- GIVEN INFORMATION -
****

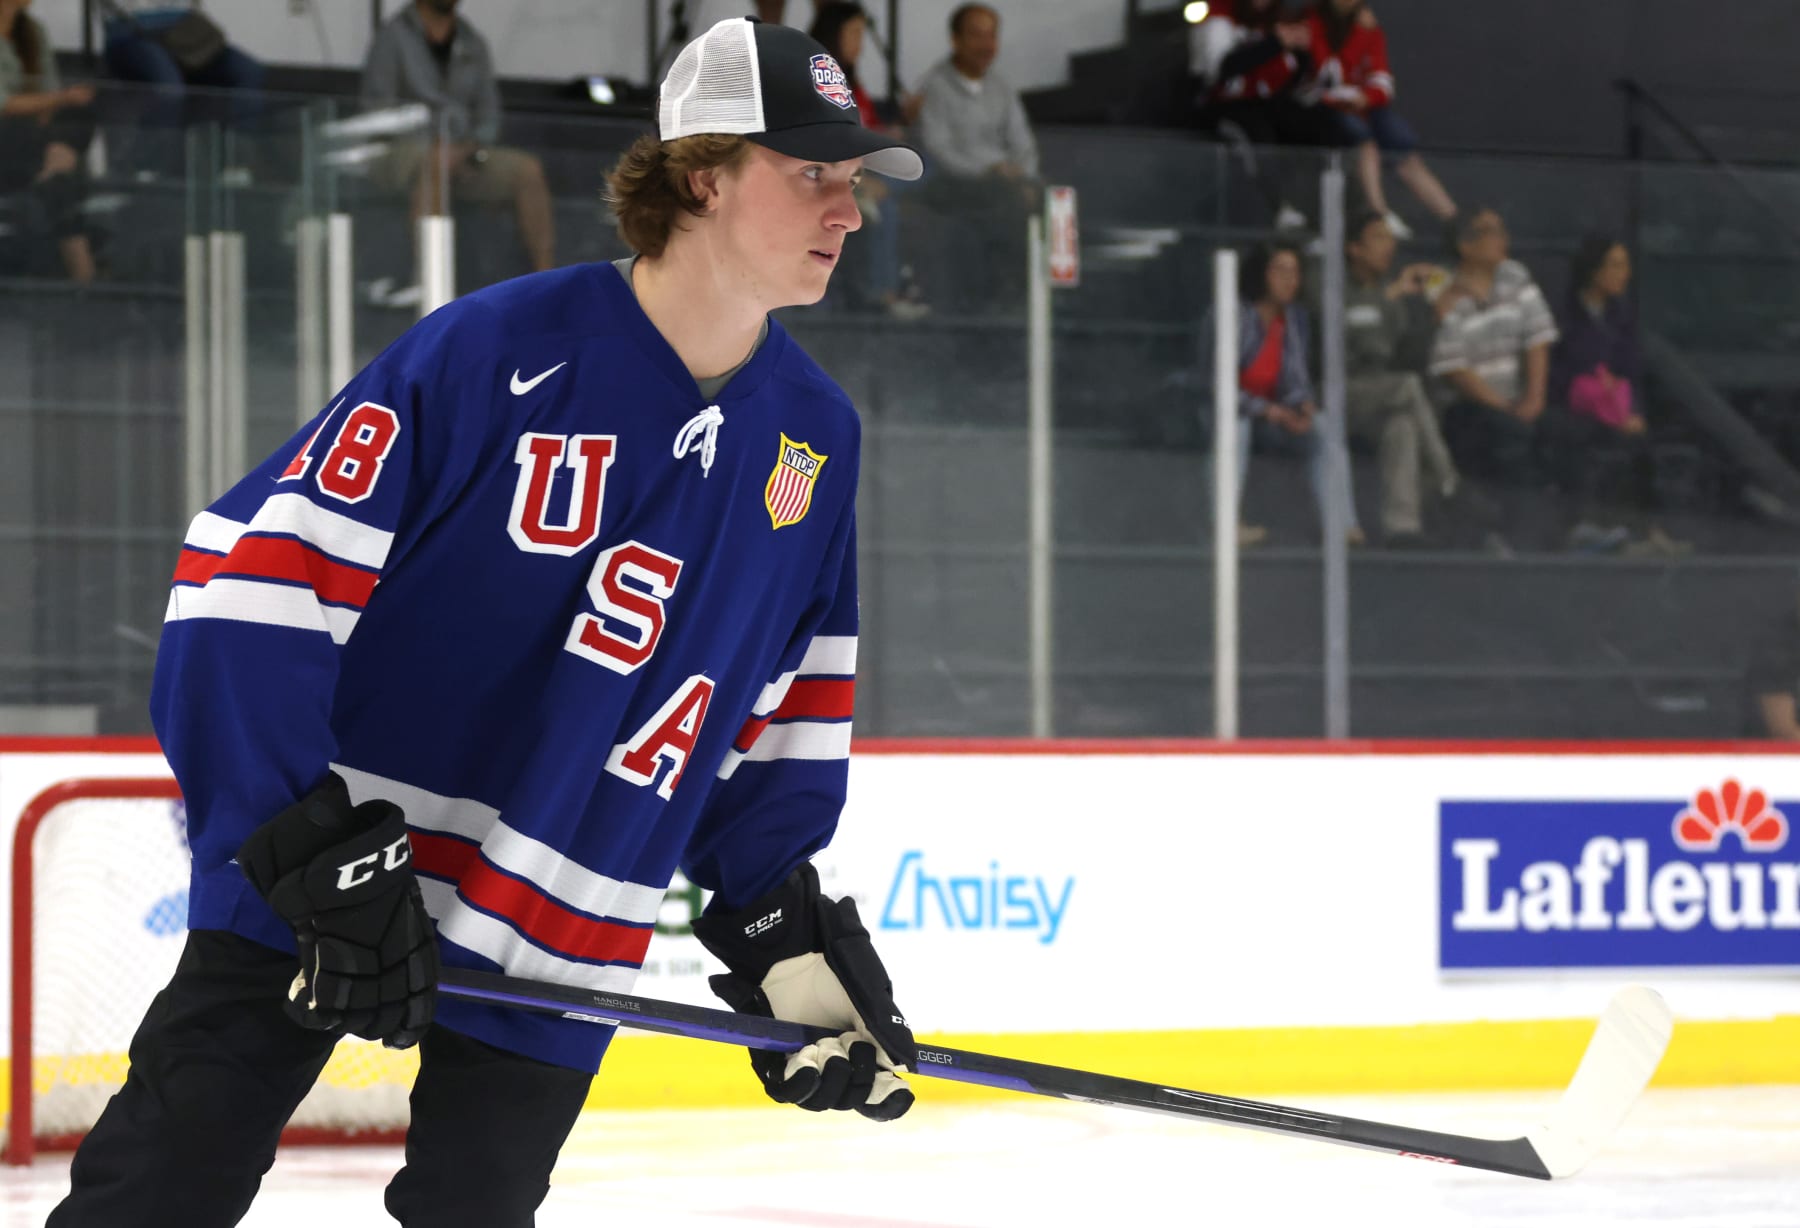 Review of Anaheim Ducks prospects at the World Junior
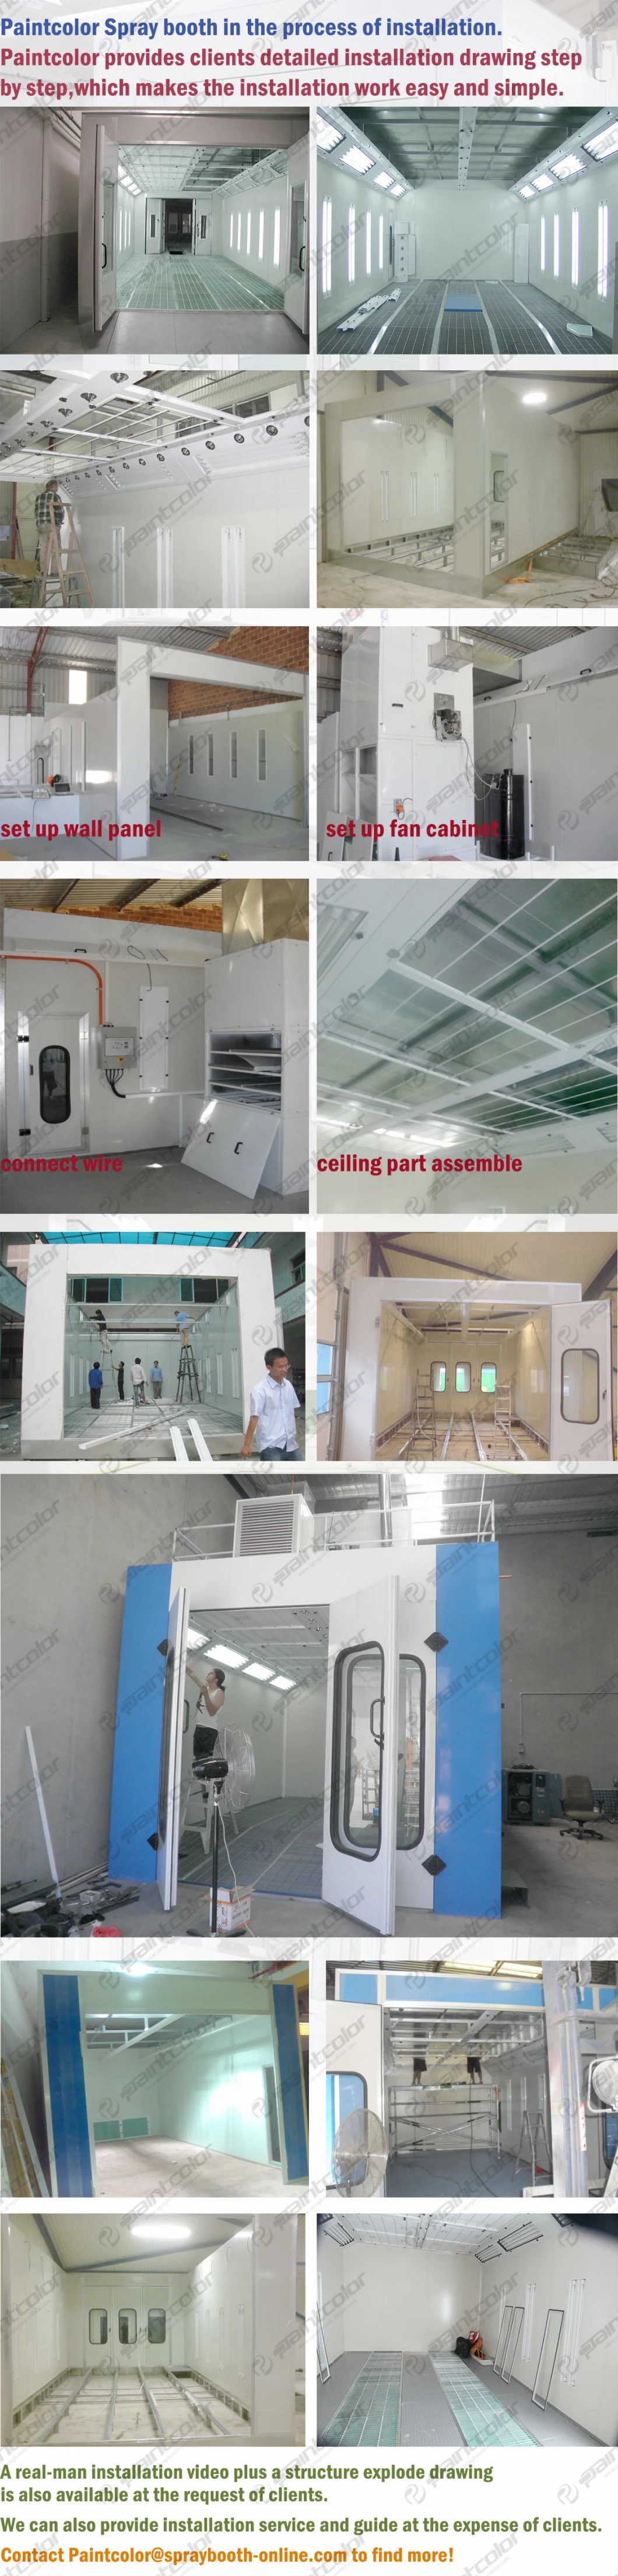 High Quality Downdraft Car Body Spray Painting Booth/Auto Spray Paint Booth
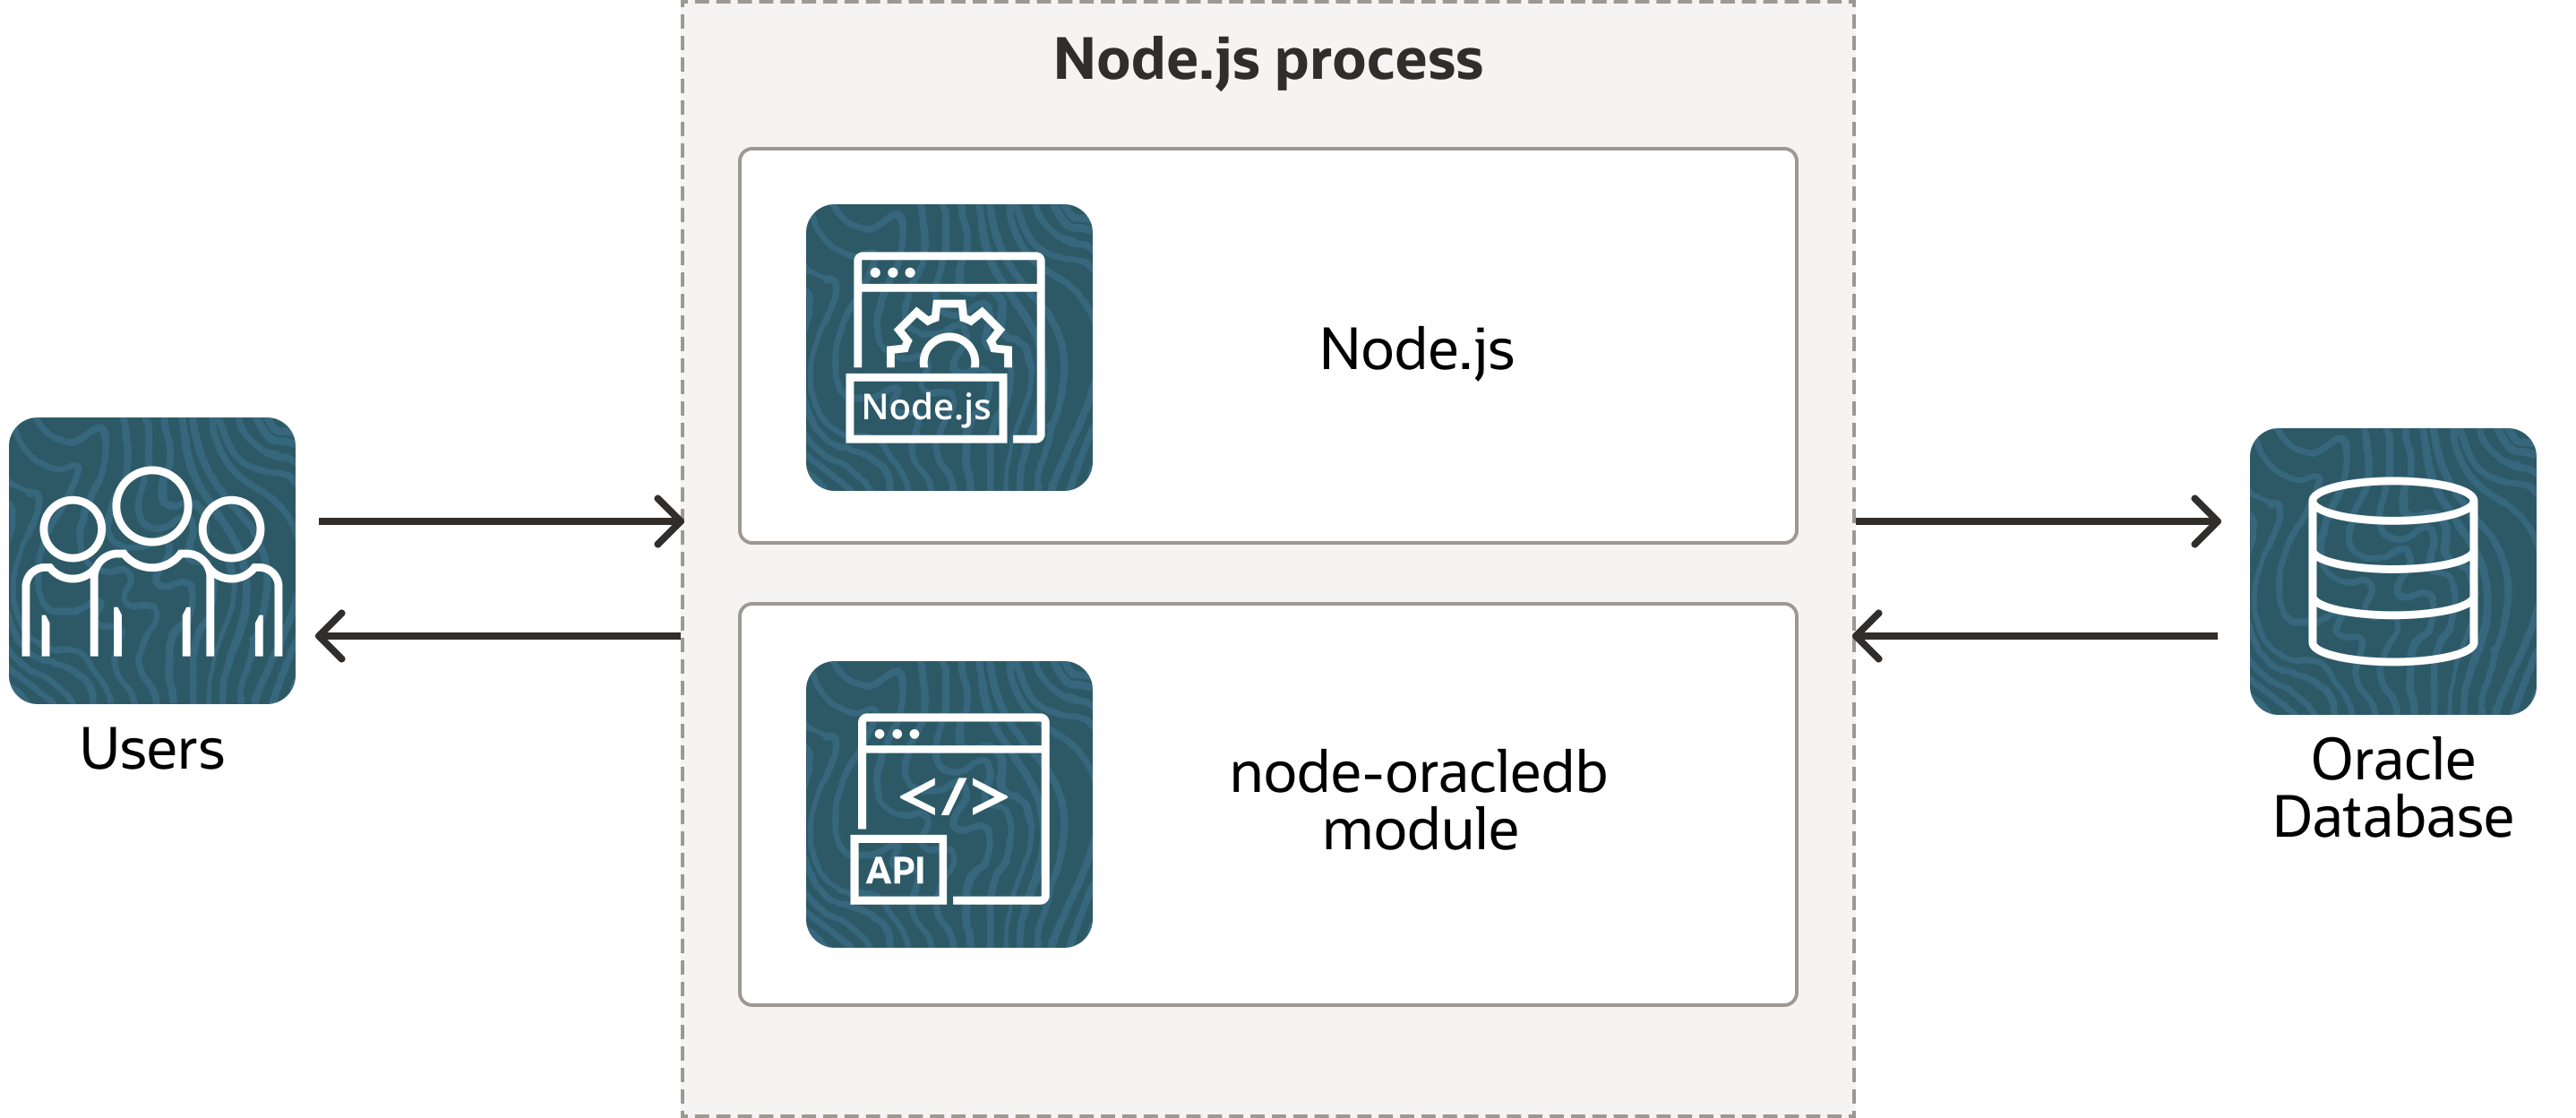 Illustrates the architecture of the node-oracledb driver in Thin mode. At the left is the Users icon. It is connected to a block labeled Node.js process, which contains two smaller blocks labeled Node.js and node-oracledb module. The Node.js block connects to the Oracle Database icon. The connection establishment sequence is described in the following text.

****

- TASK -
The answer is the lines above, word for word, from the first one through the one containing "High Quality Downdraft"; it includes no pictures.

- YOUR SOLUTION -
 Review of Anaheim Ducks prospects at the World Junior
 High Quality Downdraft Car Body Spray Painting Booth/Auto Spray Paint Booth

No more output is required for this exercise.